The transmission process of the candy-making know-how to these two employees seemed to be entirely different from the process of acceptance I experienced in the field, and it was also different from what I could notice among the other female employees. Throughout my work in the factory, Lolita assisted me often, but I noticed that the stages of production that were obstacles to the complete assimilation of a recipe were exposed to me in an oblique and elusive way through demonstrations that were too fast to be fully understood or descriptions that were too laconic. The following research diary extract may exemplify this:
Lolita was teaching Ed the right moment to turn off the heat when egg dough (used to fill the bem-casados) was ready. “Can you feel how smooth it is?", she asked. He laughed and said, "I don't know what smooth is. How am I supposed to feel that!". She took a deep breath (like she was trying to find patience) and explained: "smooth is something even, soft, without pits". "Hum, perfect, you mean?", he added, and so she said: "Yeah, I think you got it". As I watched the action as a whole, I felt comfortable participating. "I think you can identify the smoothness when the dough is plain and uniform, right Lolita?". Thus, she said: "I don't know", and turned her back to me (day 43).
Because it is a form of tacit knowledge, the candy-making chef’s pedagogy included the demonstration of the task once or twice and the production of a model that would serve as a guide for me and other new employees, as I observed:
When I arrived at my work position today, I asked Lolita what I should do. She didn’t say a word to me, but she grabbed a small portion of camafeu dough in the palm of her hand and modeled a perfect sweet. After finishing (incredibly fast), she said: "that is what you have to do". Thus, I spent the rest of the morning staring at the model and kneading small pieces of dough until I had modeled over 100 camafeus. They were not all perfect, but some were so good thatat a certain point, I lost Lolita's model amidst my camafeus (day 52).

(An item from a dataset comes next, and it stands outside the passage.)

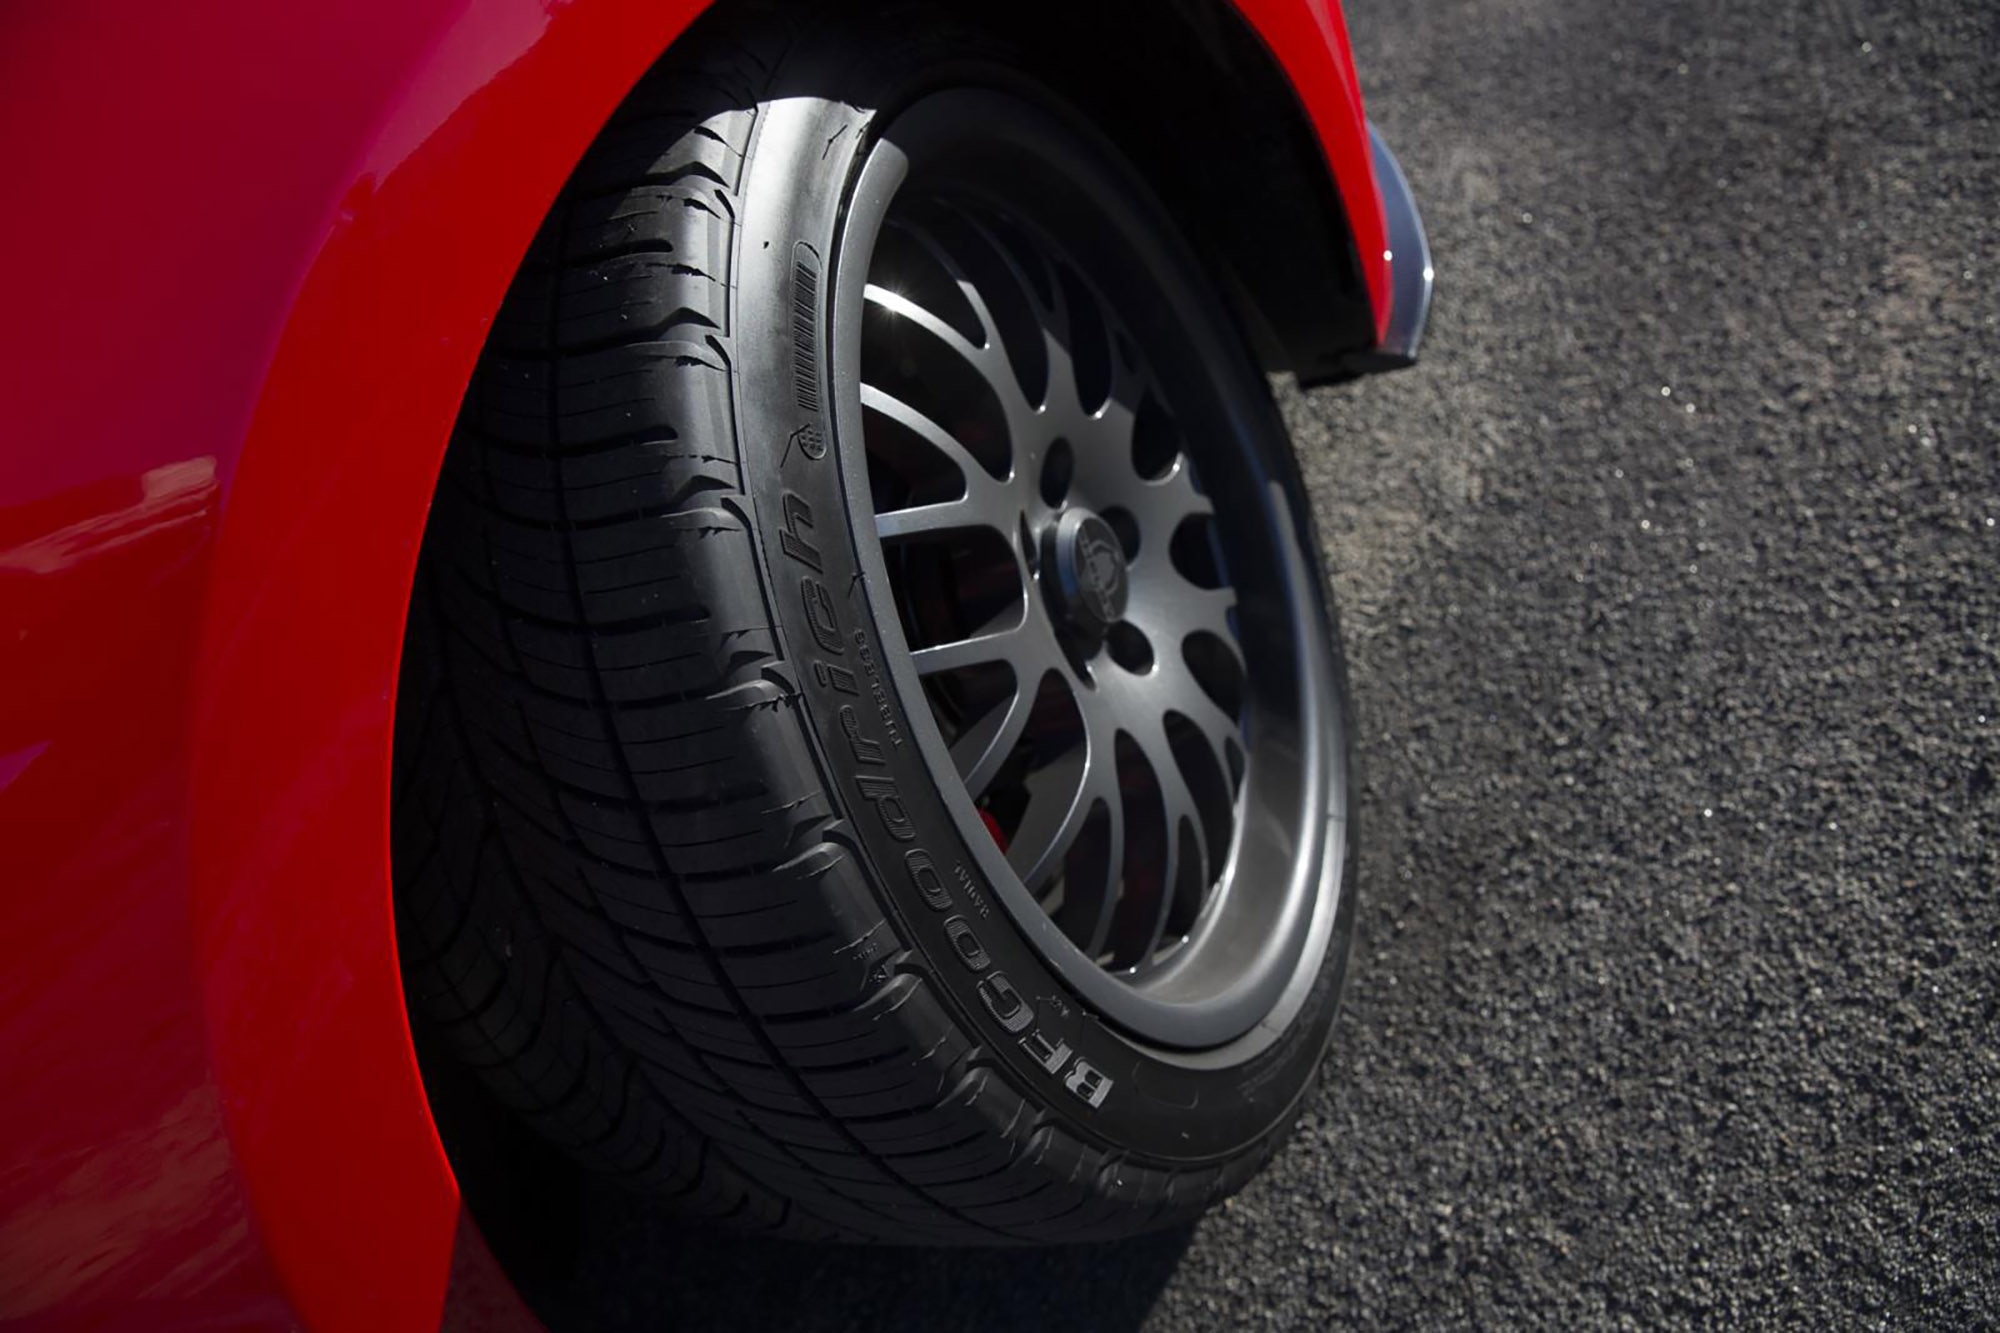 Detail shot of BFGoodrich g-Force COMP-2 all-season tire on a red Ford Mustang

During the research, the work in the candy factory was organized around the divergent criteria of productive specialization and loss of control of the production process, reflecting the hierarchy distribution of knowledge in the context of candy-making. The training of workers continued in this manner for each function. The two black male workers I mentioned earlier – Ed and Richard (pseudonyms) – did not seem to have been trained to acquire technical expertise in the performance of fractional parts of candy-making practice; they were instead getting a special kind of instruction. It follows the interpretation that they were learning to master the production process of most sweets made in the factory. It is worth pointing out that Ed and Richard were considered more apt to learn the candy-making know-how, according to Lolita's opinion, is not entirely logical or rational if we analyze it from a functionalist perspective. After all, if the candy-making chef could train all workers to perform the same, she would ensure an increasingly standardized quality for candy shop production. However, the critical issue about this situation is that differences between people would change her evaluation of their competencies and potential.

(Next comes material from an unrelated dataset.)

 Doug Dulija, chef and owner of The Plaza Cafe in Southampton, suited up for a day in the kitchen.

The -called “dedication” that Lolita perceived in Ed and Richard can be understood based on the discussions of Lave and Wangler (1991), highlighting the tension between old and new practitioners in the reproduction of a community of practice. It also expresses how relations with employees are specific in a family business (Kammerlander & Holt, 2018). However, the idea that learning involves a deepening process of participation in a community of practice is challenged by the property over the knowledge that some practitioners may claim for themselves as a result of embodied cultural assets that supports and gives meaning to the practice.
One may say the same regarding training employees as a rational process versus the simulation of family relations that are crucial for know-how transmission. Thus, the candy-making chef, the most legitimate practitioner among the candy factory group, could decide who would have her special treatment to achieve mastery and who would perish trying to learn the practice through itself. That means that knowledge was not managed as a strategic asset that could ensure the competitiveness of the business; it is a powerful resource to specific individuals.
The closeness between the candy-making chef and the two preferred employees enables understanding that the relationship between them is, therefore, the relationship with culture as the mechanism capable of instilling the practical know-how in these two persons and not in any others. That is because, apart from pure affection, links and personal affinities are objectified as assumptions of a relationship necessary for transmitting knowledge. I understand, through field observations, that the transmission process of embodied candy-making knowledge only occurs when it contributes to the perpetuation of the cultural habitus related to it. As field notes may exemplify:
The difference between the boys and the other employees is that they understand what I am asking them. When I order something, they can understand. It is not easy to describe what has to be done, the person has to understand it, and they can understand. They like making those sweets and eating them, and I think it is essential, you know. I do not know what happens that other people here cannot understand, but they can, and we can get along well because of that (day 57).
While working in the candy factory, I saw Lolita recruiting some young female employees to take them as apprentices. However, the person who indeed seemed to fit this place was the young male employee called Ed. He was 17 years old by that time, and before starting to work in the factory, he was a playmate of Lolita's grandson, the 12-years-old Peter, Christine’s son. As Ed says:
One day I was there, playing football with Peter, when Mrs. Lolita asked me if I wanted to help her in the kitchen I said ‘yes’. After that, I started following Mrs. Lolita anywhere she went on the shopfloor (Interview on 26 July 2011).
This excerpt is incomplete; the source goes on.